Guyana’s President David Granger told reporters this week that while he is not promising a renegotiation of the production sharing agreement with Exxon and its two other partners, cabinet has indeed taken note of the growing body of criticism of the agreement and is looking at the whole issue before making any pronouncement.

Guyana will get two percent royalties on oil produced, giving it about $1 million per day when actual production begins in 2020, but opposition parties, civil society groups, academics and even Jan Mangal, Granger’s own specially hired petroleum adviser, have all demanded that the deal be reviewed so the country could get a bigger share of oil revenues. Mangal is a former high ranking executive at Chevron.

Exxon and partners Hess Oil and Nexen of China, plan to produce about 120,000 barrels per day. They have so far drilled six successful wells and plan to complete 10 more in the current phase and about 40 in the second around 2022.
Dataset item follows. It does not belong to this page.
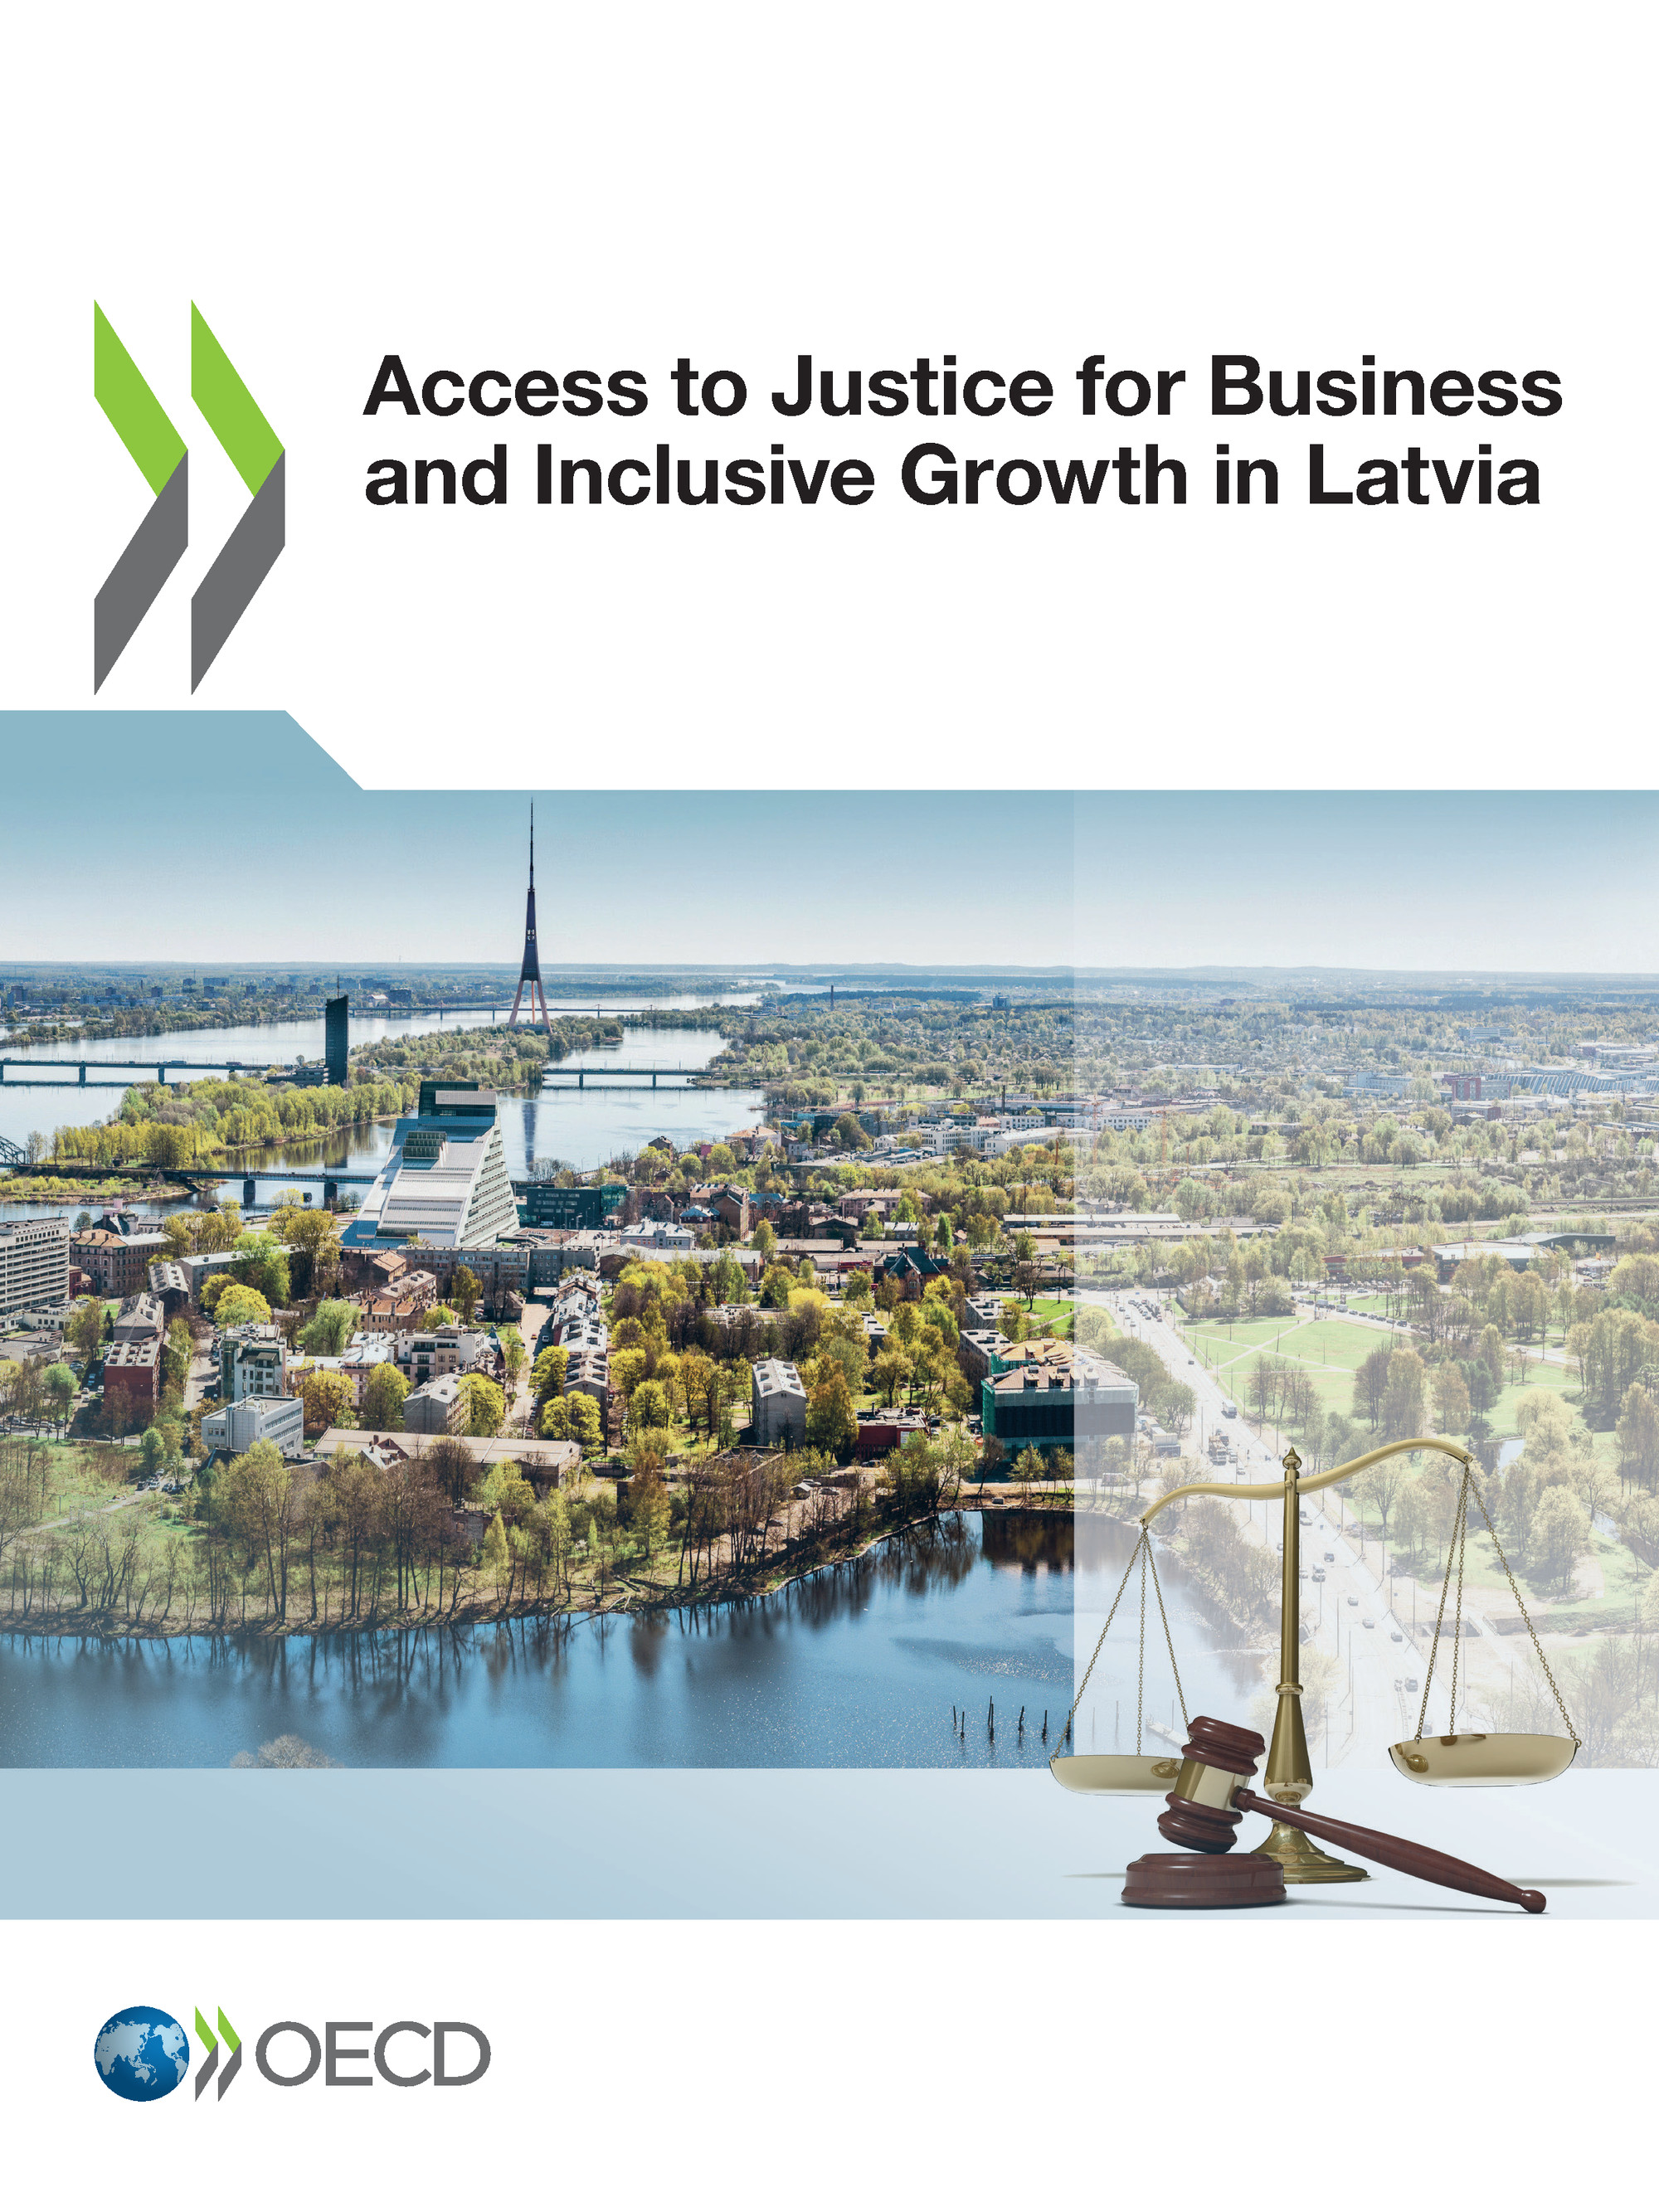 Access to Justice for Business and Inclusive Growth in Latvia -  Collectif - OCDE / OECD

“These matters are before cabinet and it depends on what determination the cabinet arrives at. These things have to be approached very carefully. There is no prospect at the present time that it is the intention of cabinet to review it, but as I said, it is before cabinet.”

Mangal told a local university forum last week international norms for profit sharing are closer to “between 10 and 20 percent, not two percent,” he said. Authorities quickly lashed down his remarks as not being reflective of government policies.

The Exxon-led consortium discovered large amounts of oil and gas back in 2015, sending a country which has been traditionally dominated by gold, sugar, rice, bauxite and timber exports into a mad scramble to switch to oil and gas in less than five years.

The official system is now even under more pressure as nearly all of the world’s leading oil companies, Total of France, Repsol of Spain, British Petroleum, Chevron, Tullow Oil of the United Kingdom and others have all been attracted to the Guyana basin as it is no longer commercially risky officials said.